TO DO: Search the records below for the string "Online", and report each line that contains it.

AVAILABLE RECORDS:
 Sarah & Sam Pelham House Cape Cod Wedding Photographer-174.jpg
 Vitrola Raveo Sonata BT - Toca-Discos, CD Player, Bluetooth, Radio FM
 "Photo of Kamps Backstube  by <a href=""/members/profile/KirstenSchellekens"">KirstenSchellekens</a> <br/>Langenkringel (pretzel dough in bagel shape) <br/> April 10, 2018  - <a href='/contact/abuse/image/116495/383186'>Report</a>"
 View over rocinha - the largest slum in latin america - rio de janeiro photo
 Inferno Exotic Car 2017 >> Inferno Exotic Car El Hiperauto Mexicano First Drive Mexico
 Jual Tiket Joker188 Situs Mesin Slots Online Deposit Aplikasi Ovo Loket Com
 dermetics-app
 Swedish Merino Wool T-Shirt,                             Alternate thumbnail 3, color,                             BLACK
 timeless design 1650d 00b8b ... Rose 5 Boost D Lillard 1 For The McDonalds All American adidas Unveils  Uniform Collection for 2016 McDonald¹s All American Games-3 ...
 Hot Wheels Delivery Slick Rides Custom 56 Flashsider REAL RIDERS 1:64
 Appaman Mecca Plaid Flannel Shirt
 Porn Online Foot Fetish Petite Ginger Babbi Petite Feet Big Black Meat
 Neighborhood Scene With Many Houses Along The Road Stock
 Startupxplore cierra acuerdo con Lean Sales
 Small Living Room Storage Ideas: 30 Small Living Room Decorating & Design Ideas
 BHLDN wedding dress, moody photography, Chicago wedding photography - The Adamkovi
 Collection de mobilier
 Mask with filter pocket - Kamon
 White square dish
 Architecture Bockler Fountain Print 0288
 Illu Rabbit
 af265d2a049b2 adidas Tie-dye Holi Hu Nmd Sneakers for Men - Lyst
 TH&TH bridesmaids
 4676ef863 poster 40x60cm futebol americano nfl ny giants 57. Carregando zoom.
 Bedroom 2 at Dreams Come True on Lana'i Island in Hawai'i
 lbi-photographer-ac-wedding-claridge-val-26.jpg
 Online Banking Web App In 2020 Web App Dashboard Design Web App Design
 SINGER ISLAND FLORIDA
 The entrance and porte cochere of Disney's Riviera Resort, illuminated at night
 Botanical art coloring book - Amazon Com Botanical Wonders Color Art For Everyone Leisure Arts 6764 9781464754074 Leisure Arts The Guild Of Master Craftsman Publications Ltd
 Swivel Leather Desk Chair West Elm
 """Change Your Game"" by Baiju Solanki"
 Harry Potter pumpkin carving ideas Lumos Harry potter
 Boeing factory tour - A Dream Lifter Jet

SOLUTION BELOW:
 Jual Tiket Joker188 Situs Mesin Slots Online Deposit Aplikasi Ovo Loket Com
 Porn Online Foot Fetish Petite Ginger Babbi Petite Feet Big Black Meat
 Online Banking Web App In 2020 Web App Dashboard Design Web App Design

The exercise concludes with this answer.